Coronavirus: Private gardens open virtually to support NGS charities
For 90 years, the National Garden Scheme (NGS) has given people the chance to visit some of the best private gardens in England and Wales.
It has given more than £60m to health charities, raised through admission charges and tea and cake sales.
But coronavirus has forced the gardens to close to visitors for the first time in the scheme's long history.
This year, gardeners are showing off their efforts with videos and urging people to donate money online instead.
Gardener and TV presenter Alan Titchmarsh has shared a tour of his garden near Alton in Hampshire, filmed last year, to encourage others to participate and donate.
He said: "Our gardens... they offer us a sheet anchor in times of turmoil - never more so than this year.
"I think it's a wonderful idea [virtual tours] - typical of the resourcefulness that has kept the National Garden Scheme going for over 90 years."
Every year about 3,500 gardeners open their outside spaces to visitors for the NGS, but this year the organisation expects its income to be down by 80%.
Bridget Bowen has been welcoming visitors to her garden at Ivy House in Dorset's Piddle Valley since 2002 and had been planning her most ambitious year yet with seven openings.
Having managed to open once before restrictions came into force, the rest of the schedule has been cancelled, so she filmed a tour, led by her rescue dog Alfie, and is selling plants from a trolley on her driveway, with some of the proceeds going to the NGS.
Mrs Bowen said, with the garden at its peak, she and her husband felt "sadness and disappointment" at having to close it to visitors.
She said: "With the lack of any very cold weather since Christmas and plentiful supplies of rain in February, the garden has flowered better than any year since we arrived in 1986."
Francine Raymond is one of 20 people who open their gardens in Whitstable in Kent.
She had been due to open for her fifth year on 14 June but has carried on getting ready as if it will happen.
She said: "It's been a saviour during the lockdown but I miss doing it without the support of the other 19 gardeners.
"This would have been our fifth year of opening and I'll miss our 1,000 or so visitors.
"It's a brilliant way of raising money in great company and proving you don't need rolling acres to open."
Sally and Tony Harden have lived at Maithlin Cottage, at the foot of the Mendips in Somerset, for 34 years and opened their wildlife-friendly garden for the first time last June as part of a group opening with their neighbours.

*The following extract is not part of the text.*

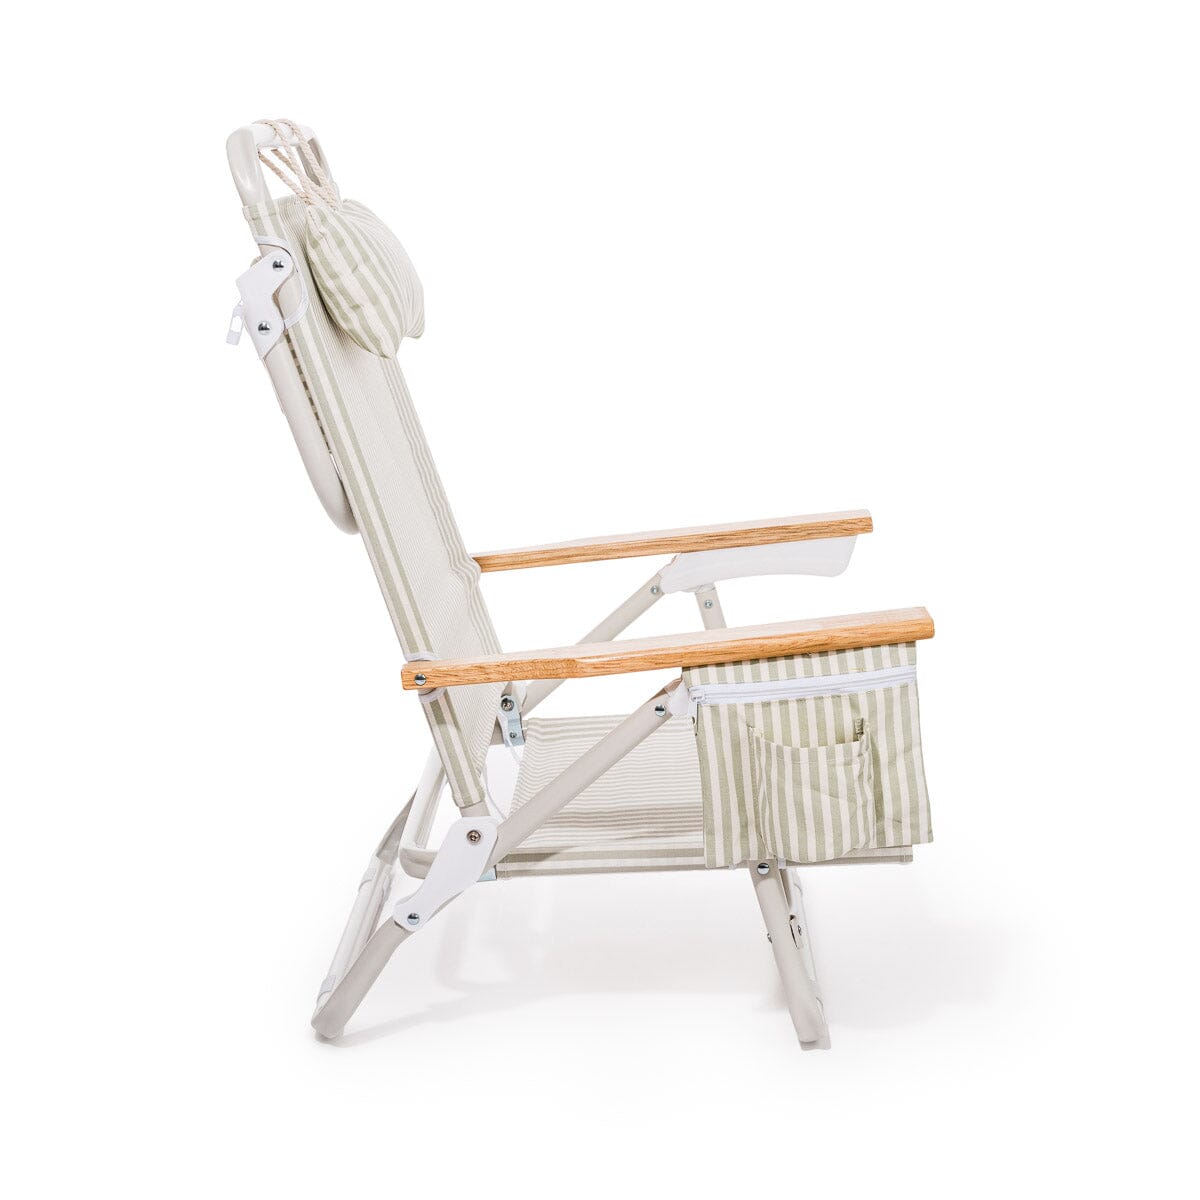 The Holiday Tommy Chair - Lauren's Sage Stripe Holiday Tommy Chair Business & Pleasure Co.

Mrs Harden said coronavirus restrictions meant they had been unable to see their family, including two grandchildren in the USA, but had more time to tend their borders and greenhouse.
She said: "Having the garden has been an excellent distractor and therapy.
"We felt sad not to be able to share our garden this year but more sad that the donations to such good causes would not be possible in the same way... that led us to sow extra vegetable and tomato seeds to sell them to raise some funds for the NGS."
Graham and Angela O'Connell have been opening their garden for 27 years and have welcomed thousands of visitors during that time.
Their long narrow plot in Frimley Green has earned a gold award for wildlife gardening from Surrey Wildlife Trust.
Mr O'Connell said: "This year has certainly been a strange one. We feel almost guilty when we say we have really enjoyed spending so much time in the garden, especially when you hear of the dreadful time many others have suffered.
"This year it has had lots of attention and is perhaps looking better than ever. That is why we were keen to let people see the garden, despite the lockdown, by having an NGS virtual tour.
"We filmed it all ourselves and have not done anything like this before so it has been particularly rewarding to get so much wonderful feedback, even from as far afield as Greece."